We were given this question in my physics orientation class. When I was given the solution, I refused to believe. Even after seeing the math, I just don't buy it.
I present to you this situation:
You're in a game show. There are three doors. Two of them have a goat behind them, one has the car you want... You can only choose one door. You choose one, and the game show host opens one of the doors you didn't pick, showing a goat behind it . (Note that he will always open a door with a goat behind it and always ask you the following question.) Now he asks you "Would you like to switch doors?", meaning you can switch from the door you originally picked to the door that's left.
The question is: What is the best choice, mathematically speaking?
Switching or not switching? Or do you think it doesn't matter?
Last edited by RagnaToad; 06-09-2009 at 06:35 AM.
Crao Porr Cock8: Getting it while the getting's good
We were given this question in my physics orientation class. When I was given the solution, I refused to believe. Even after seeing the math, I just don't buy it.
There's no reason to switch doors. If you pick one of the three, and it's not one of the goats (could be the other, or the car), you have a 50/50 shot of it being either.
There are two doors left. You have one of them. One contains a prize, and the other doesn't. Statistically, you have a 50% chance of having the door with the prize in it. If you switch doors, you still have the same 50% chance.

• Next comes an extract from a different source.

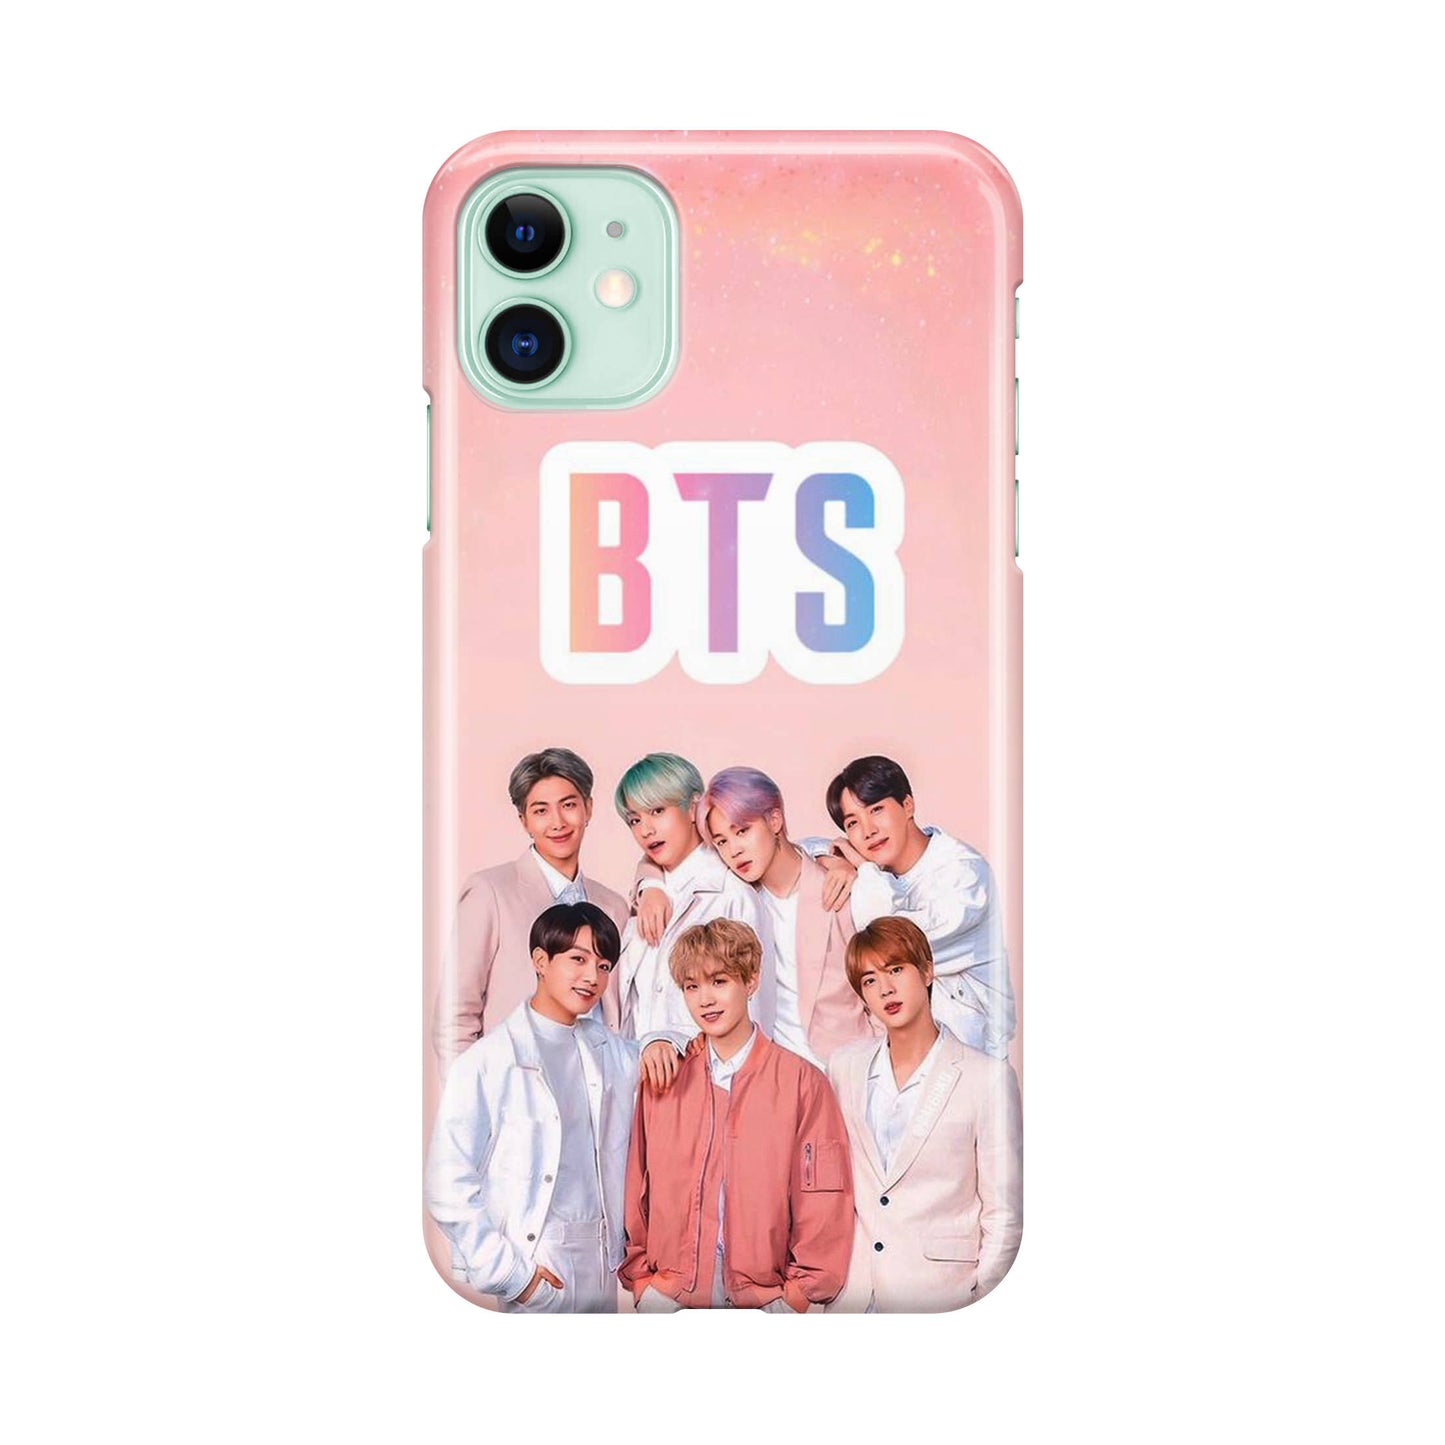 BTS Member in Pink iPhone 11 Case

But who wouldn't want a goat, really?
Sig courtesy of Plastik Assassin.
Greater love hath no man than this; that he lay down his life for his friends.
John 15:13
Mathematically I myself would choose to change my guess.
I'm going by some basic probability I did in an earlier maths class but the door you first choose would remain a 1 in 3 possibility while the remaining unopened door would have less possibility of being the wrong door due to less possible outcomes present. I'd imagine if you change doors you'd win something along the lines of 2 of every 3 games, even if there's still a decent chance of it going either way.
Am I right, or should I have done some more advanced maths?
victoria aut mors
Silver is right.
You see, there are only three possible choices and outcomes in this situation. Let's label the doors as 1, 2, and 3. And let's say that door 1 has the car. Here are the outcomes:
1: You pick door 1 to start with. The person then opens one of the other two doors. If you then switch, you lose. However, if you keep the same door, you win.
2: You pick door 2 to start with. The person then opens the door with the goat. If you switch, you win. However, if you keep the same door, you lose.
3: You pick door 3 to start with. The person then opens the door with the goat. If you switch, you win. However, if you keep the same door, you lose.
As you can see, only one of the choices require that you keep the same choice in order to win, while two of them require that you switch in order to win. So the probability of winning without switching is 1/3, whereas the probability of winning with switching is 2/3. Therefore, for better chances of winning, switch.
Last edited by Fate; 06-09-2009 at 09:45 AM. Reason: Messed up! Thanks, Sheena!
Curiosity Conquers, So Click:
That's interesting, but that would be looking at it from the beginning, not on-the-spot chances.
At the beginning, you have a 1/3 chance of picking the right door, and a 2/3 chance of picking the wrong door.
Because there are three doors.
If you have one door picked, and the number of doors go down to two, you have a 1/2 chance. Period. It no longer matters how many doors there used to be. There are two doors, one of each, and you have a 50/50 shot of having chosen the correct one.
The switching makes sense when you explain it, but mathematically, it doesn't hold up.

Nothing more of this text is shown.